Well, I think there are two parts of that question, Rob. One is do the government priorities change, the budgets change. I think the risk of that is extraordinarily low. I think this is the premier program in the budget. It is the submarine-based deterrent is the core of our nuclear deterrent. I think there's no higher priority for the government. So I can't imagine budget priorities would shift in a way that would cause any delays in this program. The other would be, would there be execution issues or technology issues. I think on our part of the program, we had those challenges a few years ago, where we've now delivered the first set, where we're completing the development program. So the likelihood in our portion of the program that we're going to see those kinds of delays is -- it's not -- you haven't completely retired all the risk most of it is now in the past.

M
Michael Dippold
executive

And Rob, I'd just like to point out in addition to what Bill said is this is why we received this multi-boat contract, and that's what's increasing the backlog. That's showing the commitment to this program and making sure that we can execute on time.

R
Robert Stallard
analyst

Yes. And then, Mike, just a final cover for you. I was worn you can give us an idea of what you're expecting on the interest expense in 2023? And also, if you could give us any more detail on the cash flow expectation. That would be great.

M
Michael Dippold
executive

Yes. So from an interest expense standpoint, we did kind of set up a new capital structure when we went public. So that comprises of a $225 million term A loan and a $275 million revolver. From a pricing standpoint, it allows us to have pricing kind of at a pretty favorable rate to sales for plus 150 and 210 basis points. Given our cash linearity, I think the interest would be about the yield similar to what we saw this year, maybe a slight reduction.

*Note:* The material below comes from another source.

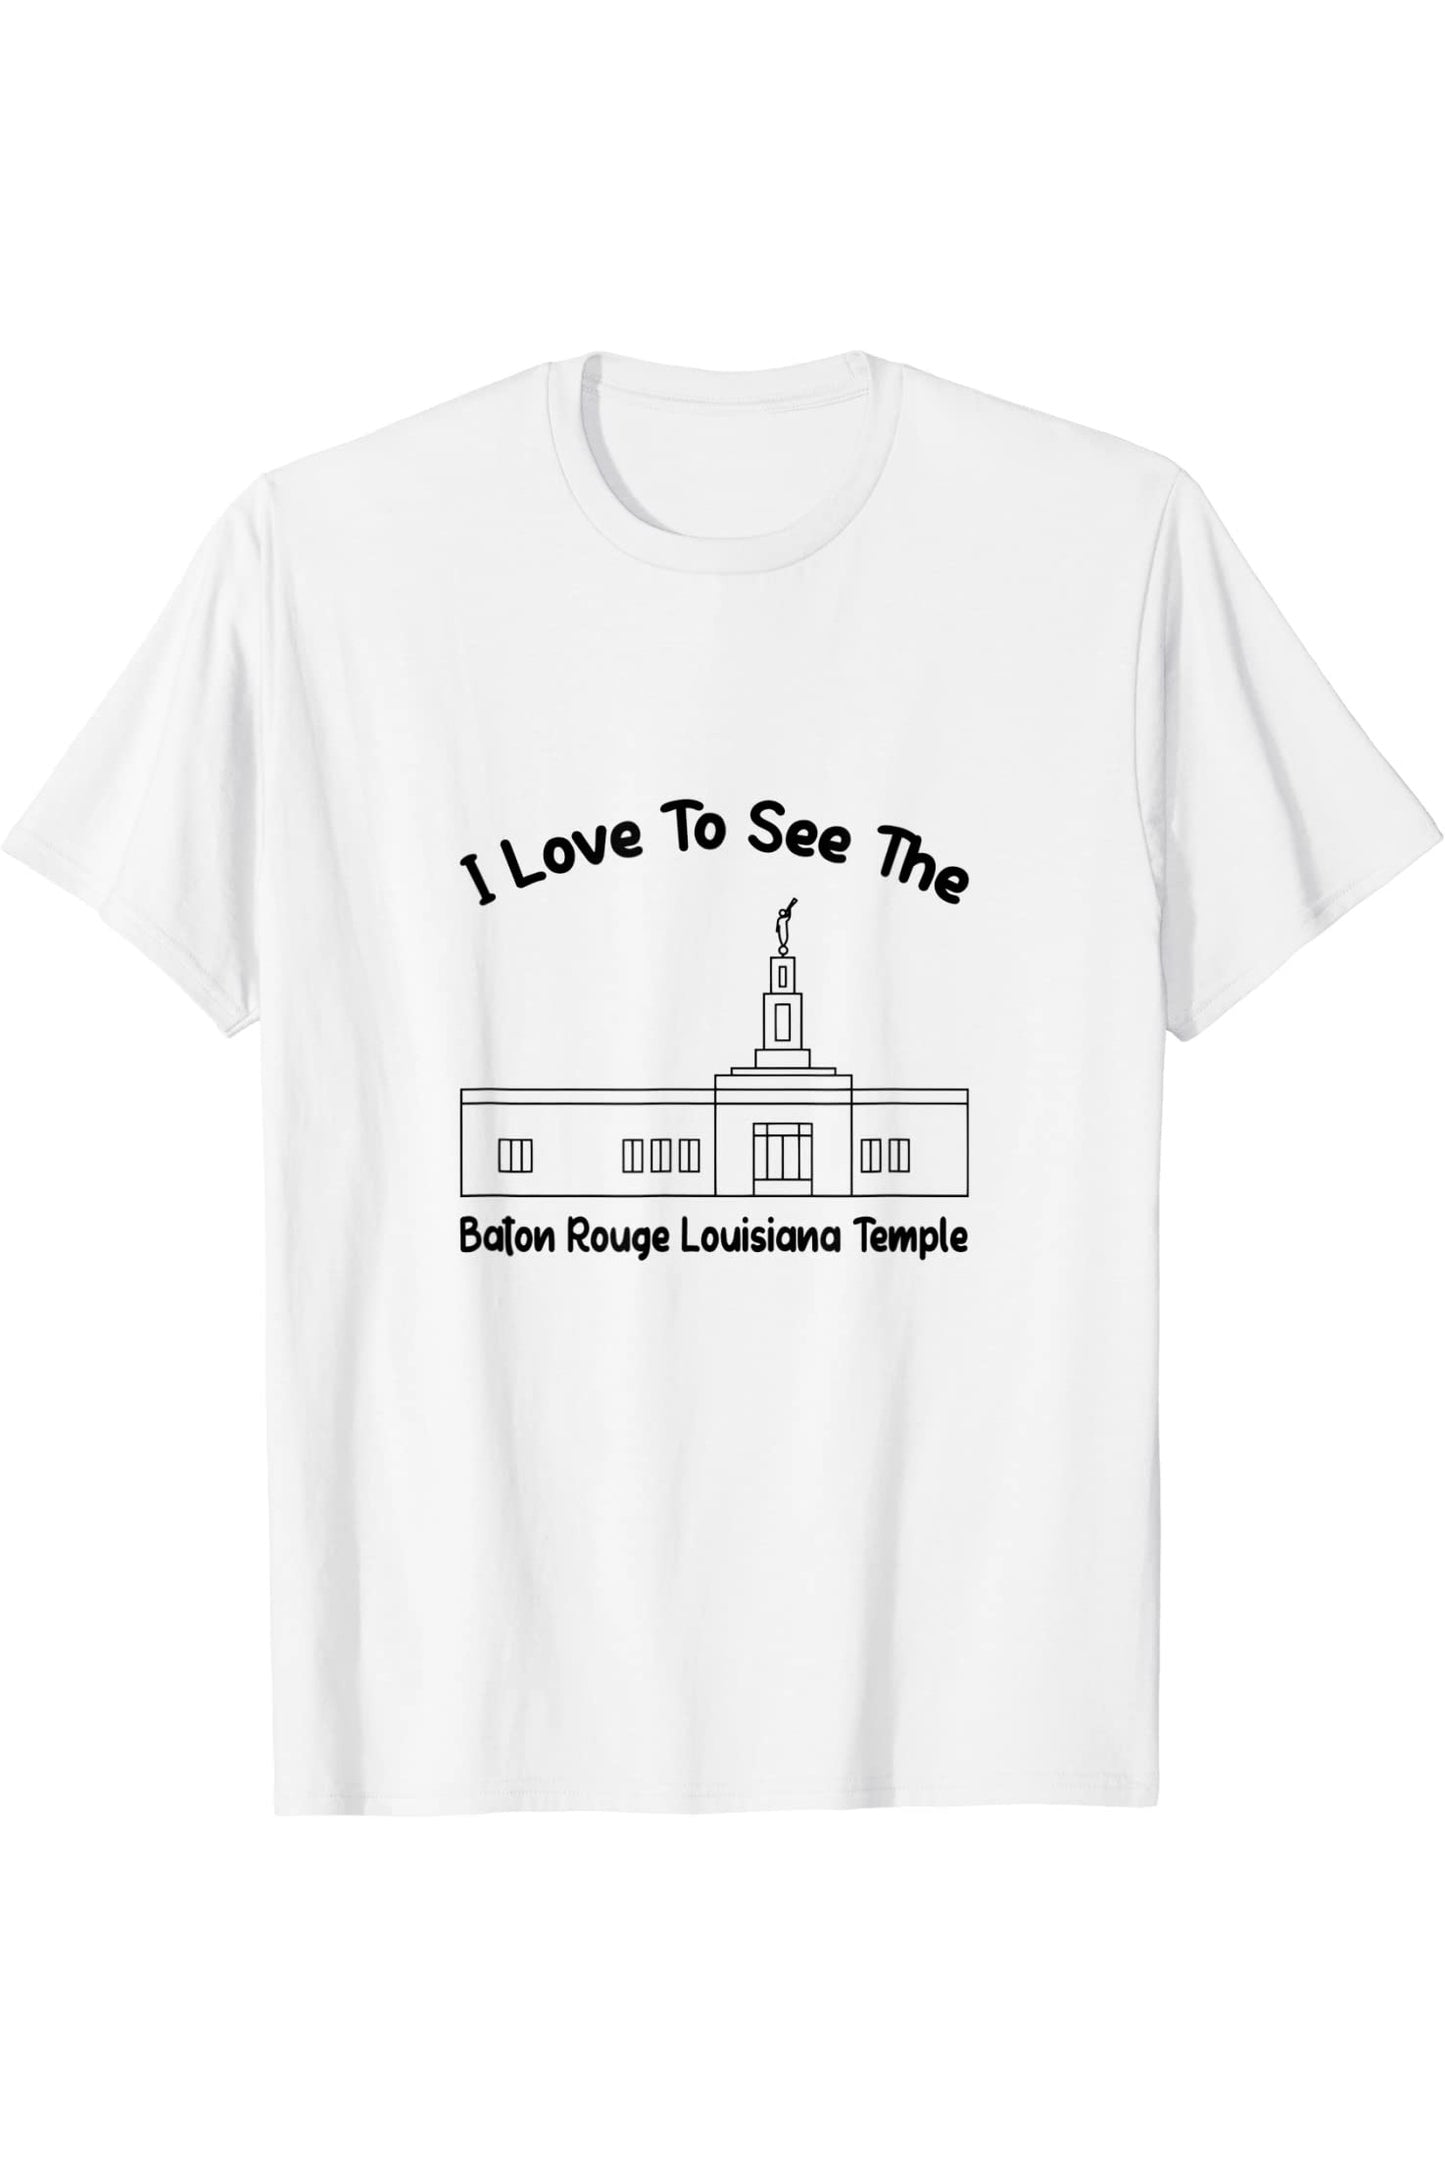 Baton Rouge Louisiana Temple T-Shirt - Primary Style (English) US

Moving over to cash flow. On your second question, Rob. We do expect because of what we saw in terms of the supply chain stabilization and the investments that we made on the balance sheet to be able to return to the 90% conversion of adjusted net earnings. But I'll remind you that, that is kind of excluding the impact of the Section 174 for the tax R&D capitalization, and that will be in the neighborhood of $40 million to $50 million headwind to that conversion number.

Operator

Thank you for your questions. I would now like to turn the call back over to Steve Vather for closing remarks.

S
Steve Vather
executive

Thank you all for your time this morning and your interest in DRS. Of course, if you have follow-up questions, please don't hesitate to call or e-mail me. We look forward to speaking with all of you soon. Have a great day.

Operator

This concludes today's conference call. You may now disconnect. Thank you for your participation. Everyone, have a wonderful day.